Working with Luca Casalanguida

GVN: You are working with Artist Luca Casalanguida. How did he become involved in the project and how has that partnership evolved?

DP: I’ve been a fan of Luca’s for a long time, since his work on James Bond over at Dynamite. I had actually reached out to him previously, but it wasn’t until Aftershock picked up Scout’s Honor that my editors Christina Harrington and Mike Marts told me that Luca was looking for his next project.

I’m thrilled with how Luca has built up this world of post-apocalyptic Boy Scouts — he’s not only done some incredible design work for the Ranger Scouts’ world, but he’s able to jump back and forth between these really poignant, emotional scenes and these totally badass action sequences. He and colorist Matt Milla pack so much intensity and mood in every page, and seeing how Luca has only improved as he’s gotten more comfortable with the characters is just astonishing to see. I couldn’t be more excited to be working with this team!

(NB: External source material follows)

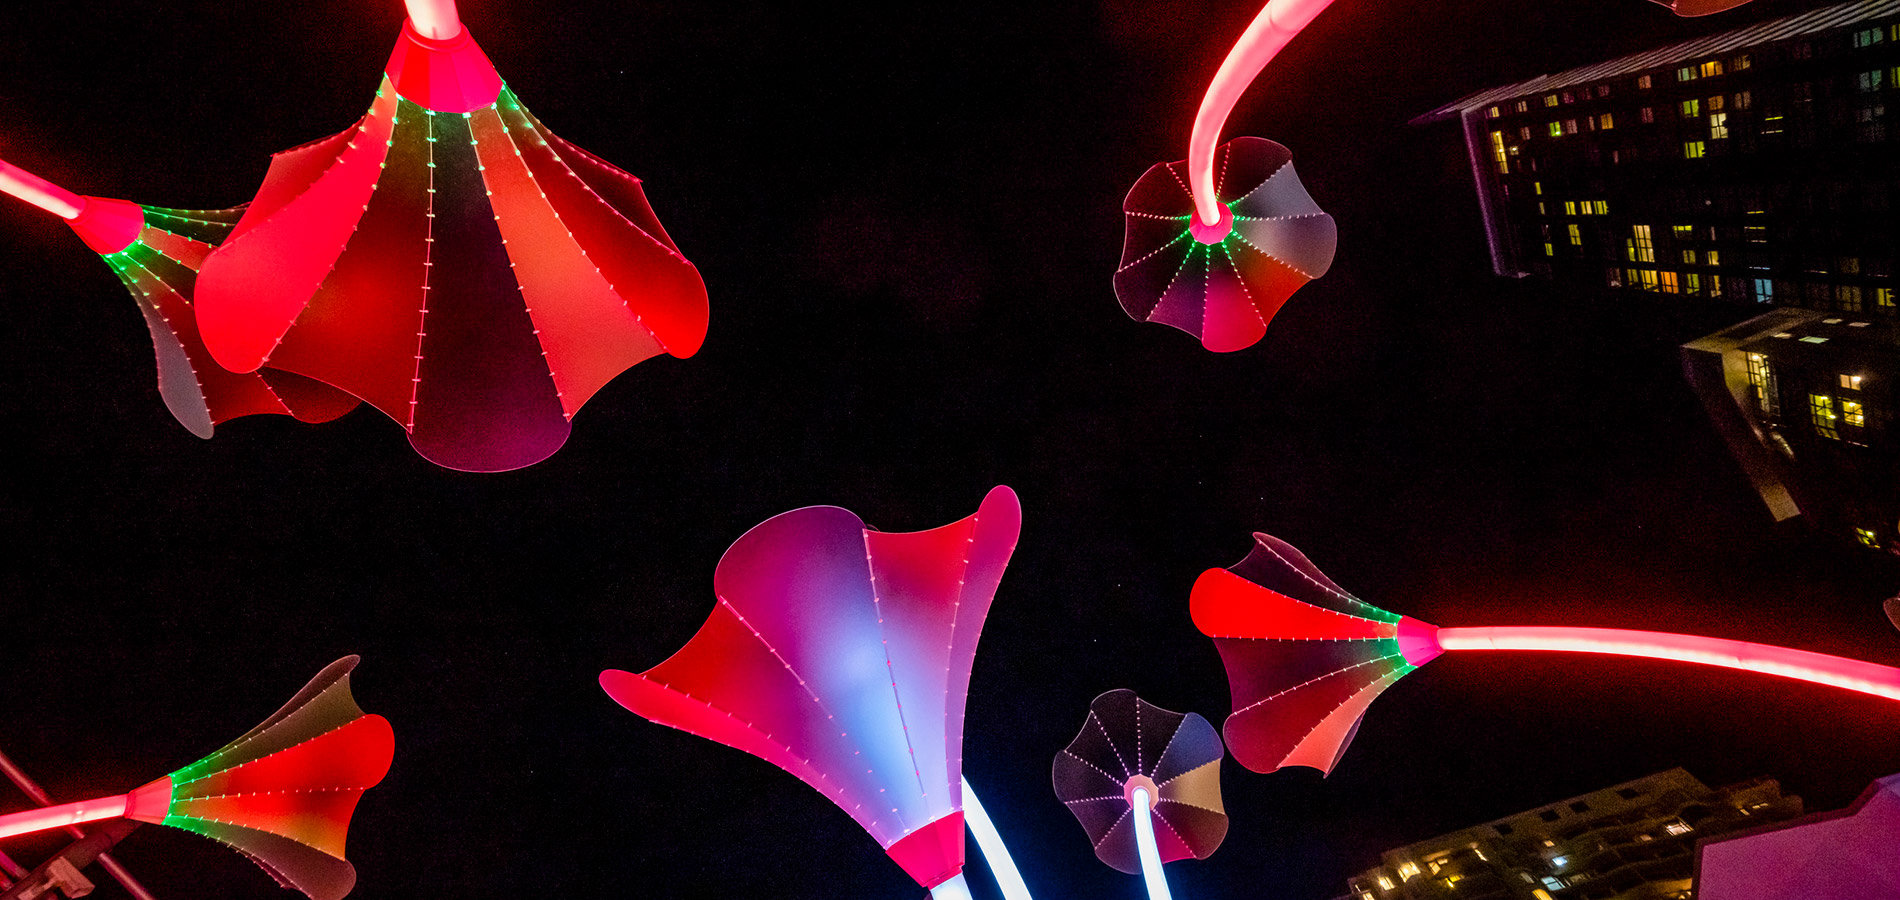 The Trumpet Flowers installation in the Chatswood precinct during Vivid Sydney 2019.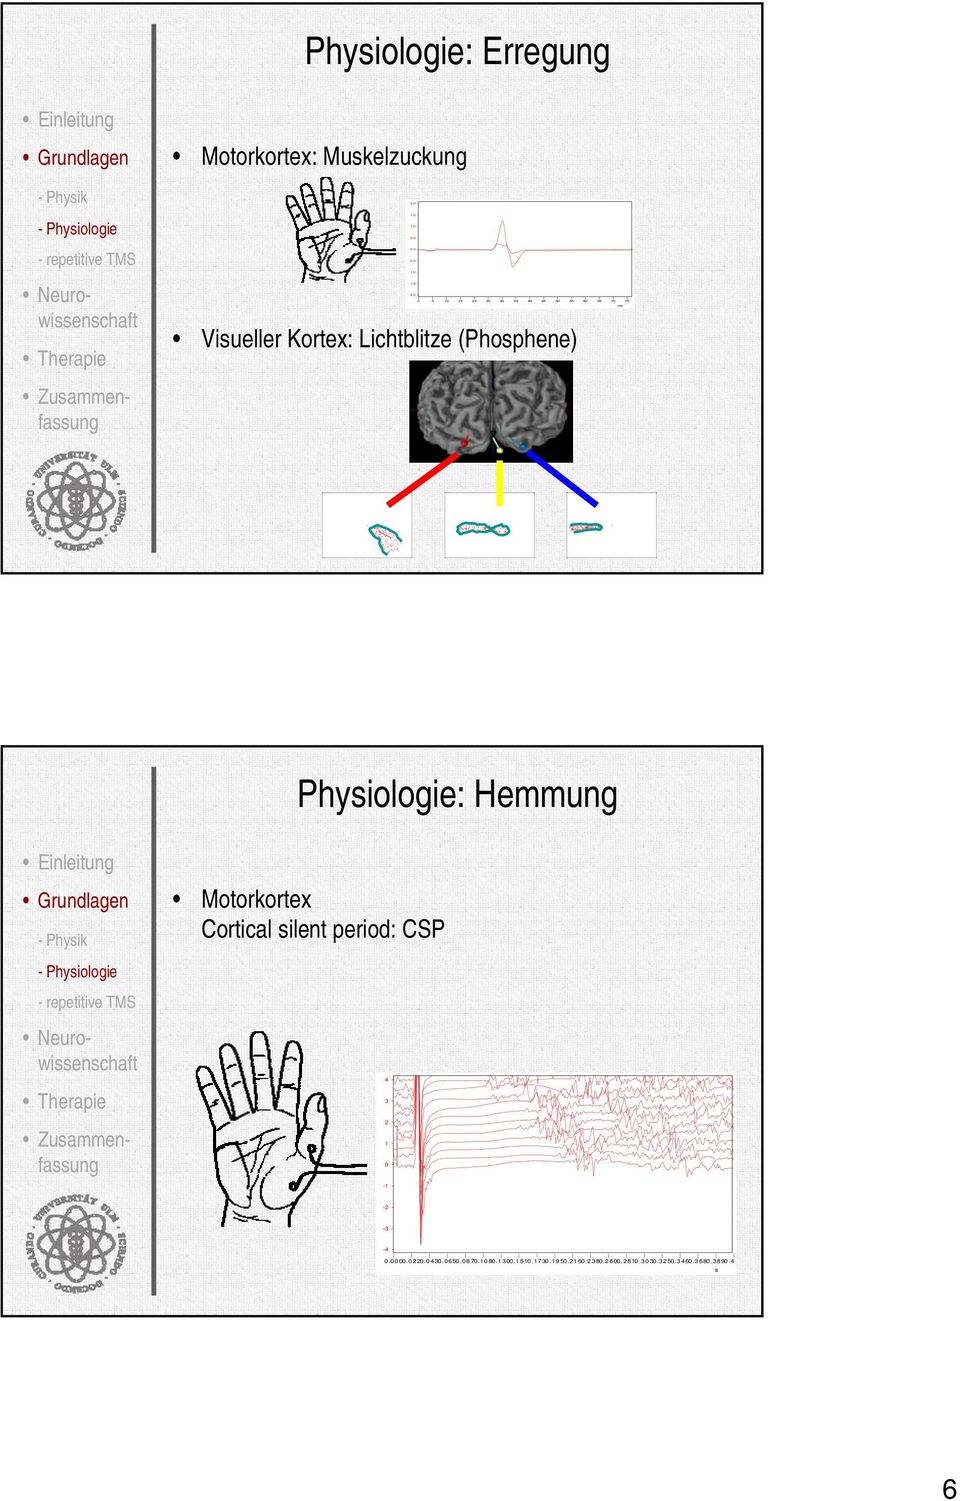 Physiologie: Hemmung - Physik Motorkortex Cortical silent period: CSP - Physiologie - repetitive TMS 4 3 2 1

GVN: If Scouts Honor is well received (as I imagine it will be) how many issues do you foresee? Do you have more stories to tell in this universe?

DP: We’ve written Scout’s Honor as a five-issue miniseries, and while I wrote a pretty distinct beginning, middle and end for Kit’s journey, I always write with sequel ideas in mind. If the demand is there… never say never!

Casting Kit from Scouts Honor

GVN: Thank you so much for your time, David.  I have one last hypothetical question for you. It is my established norm so you have to suffer like everyone else. Scouts Honor has become a big hit. So much so that it has been requested to be adapted into a live action film. Who could you see play the role of Kit?

DP: Boy, that’s a big question… I feel like someone like Mackenzie Davis or Kristen Stewart could do a great job as Kit! But honestly, I think this could be a fun role for a lot of different actors, so I’ll keep my fingers crossed alongside you!

GVN: Thank you for your time David and we look forward to following the events of Scouts Honor.